Still, it must be said that the main characters, especially Annie, are well drawn and that, rather shockingly, the picture does not quite take the standard Hollywood view that marriages, families, friendships and all manner of obligations in the world are but as the grass of the field before the scythe of “feeling.” Nor is Annie’s compulsion to boss people around and make everything right viewed without humor and irony. After the accident, in which Grace’s best friend is killed and she loses part of a leg, Annie gets particularly wound up as—typically, we gather—she takes charge of everything and everybody. Finally her loving and much nicer husband, Robert (Sam Neill), tells her: “You know, Annie, this didn’t just happen to you.”

Later, in a moment of weakness as she is falling in love with him, Annie says to Tom: “The more I try to fix things, the more they fall apart.”

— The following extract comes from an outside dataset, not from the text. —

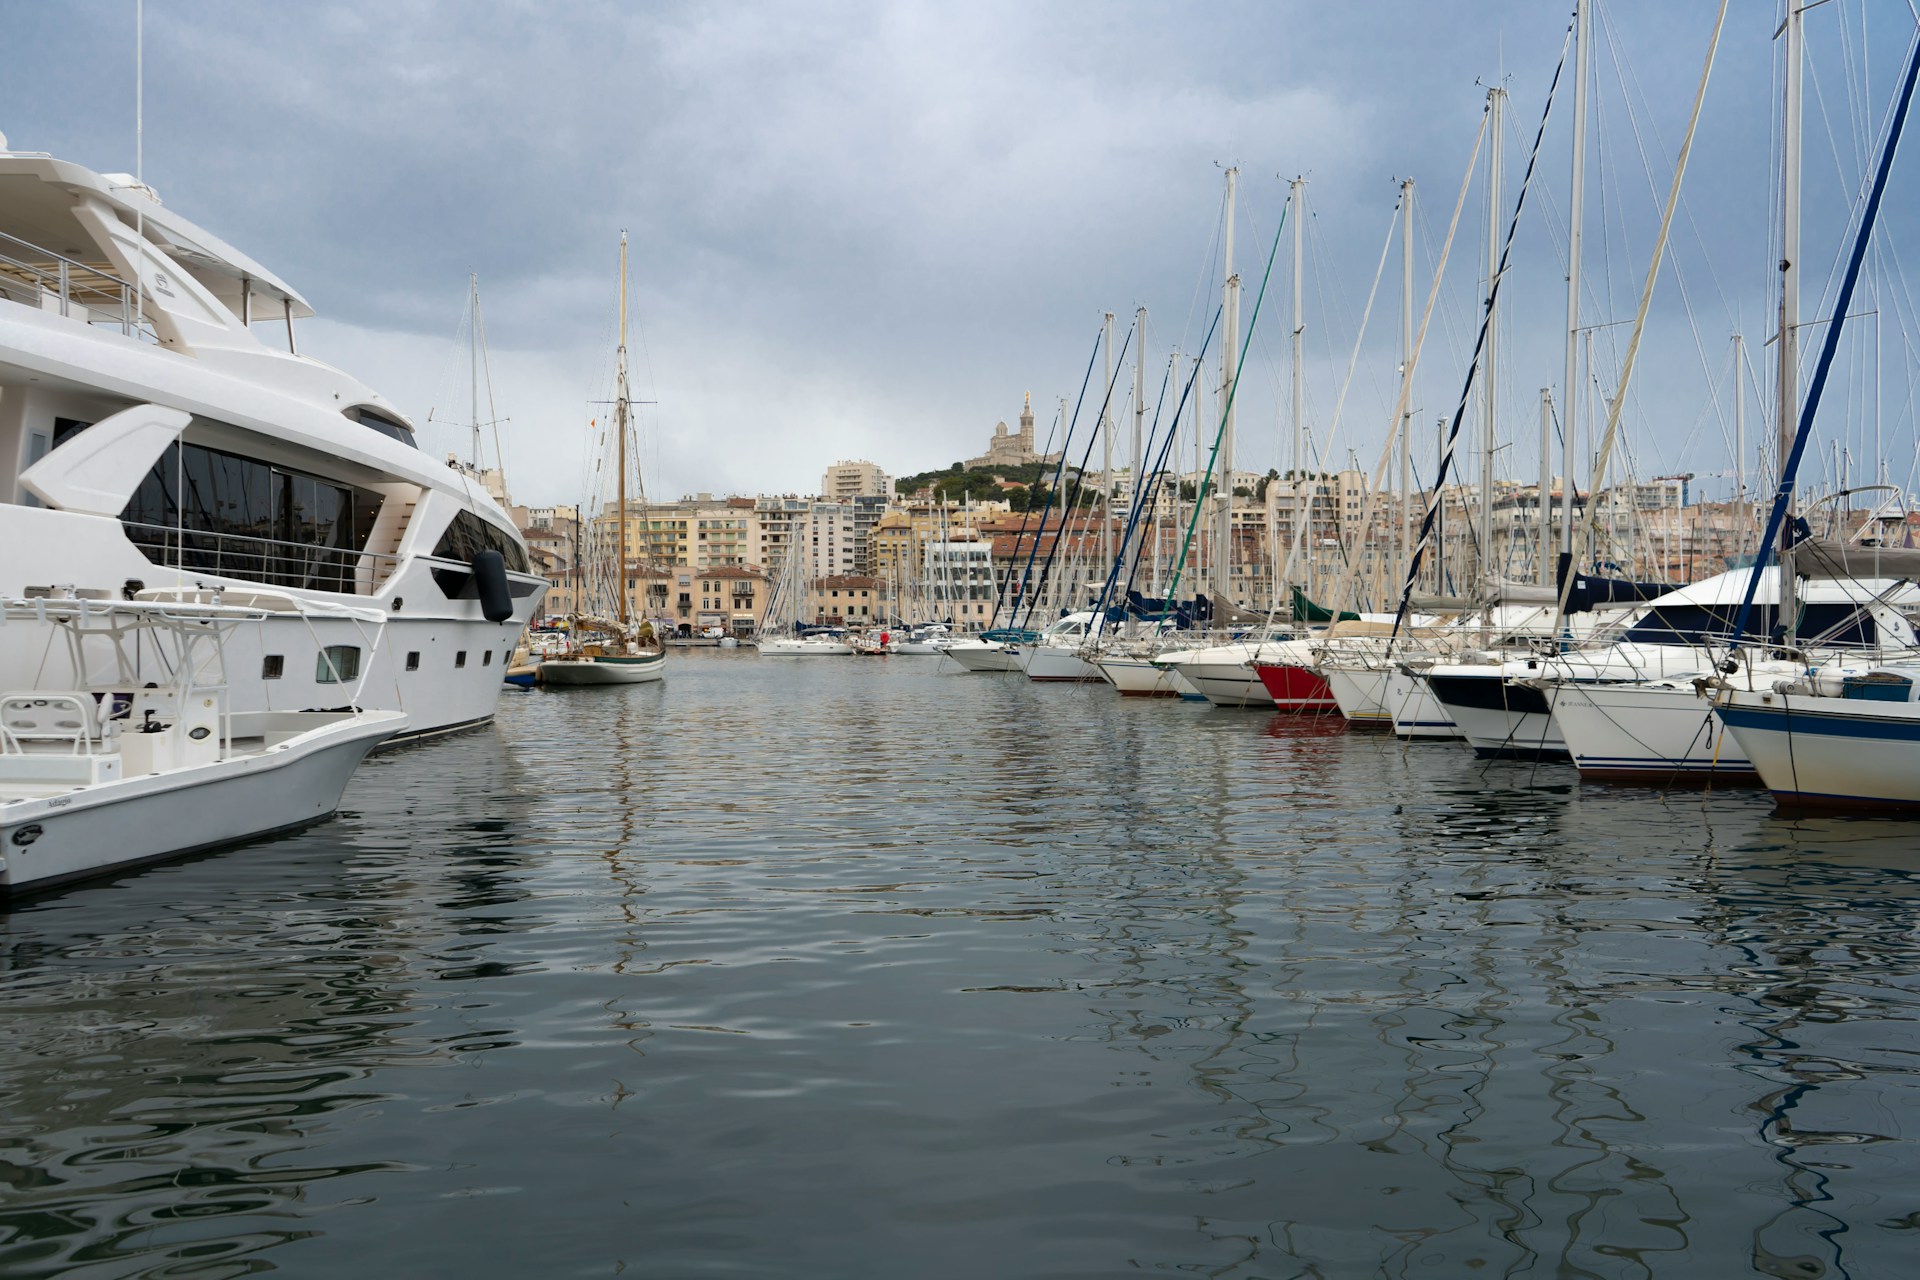 boats docked on a cloudy day in Marseille, France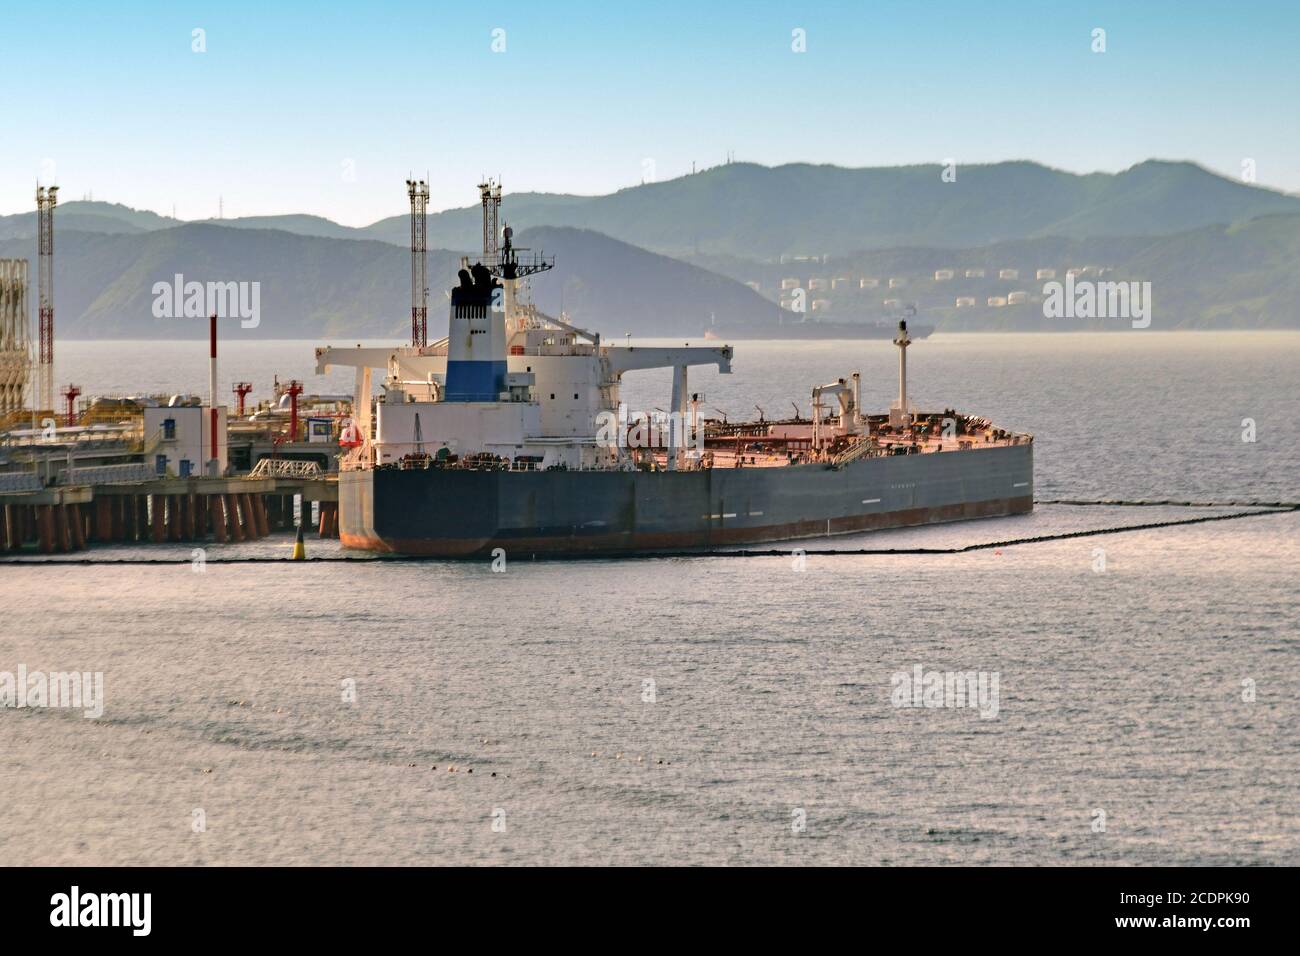 loading chemical tankers in the port Stock Photo

“Maybe you should let ’em fall,” says the old cowboy.

“I can’t.”

“Why not?”

The question is never answered, but she is right. It makes a refreshing change from Hollywood’s usual close adherence to the maxim of William Blake: “curse braces, bless relaxes.” Nor is her restraint seen as merely pathological. Instead it bespeaks a life apart and before which cannot simply be dismissed. We are as surprised as she is when Robert, always a dark horse, refuses to be the bad guy. It’s almost enough to make me recommend the film, at least to those in need of a popcorn fix. But somehow I can’t quite get over Tom’s description of his job: “I don’t break horses; I try to get them gentle. . .I try to help horses with people problems.” Isn’t he just too tweet for words?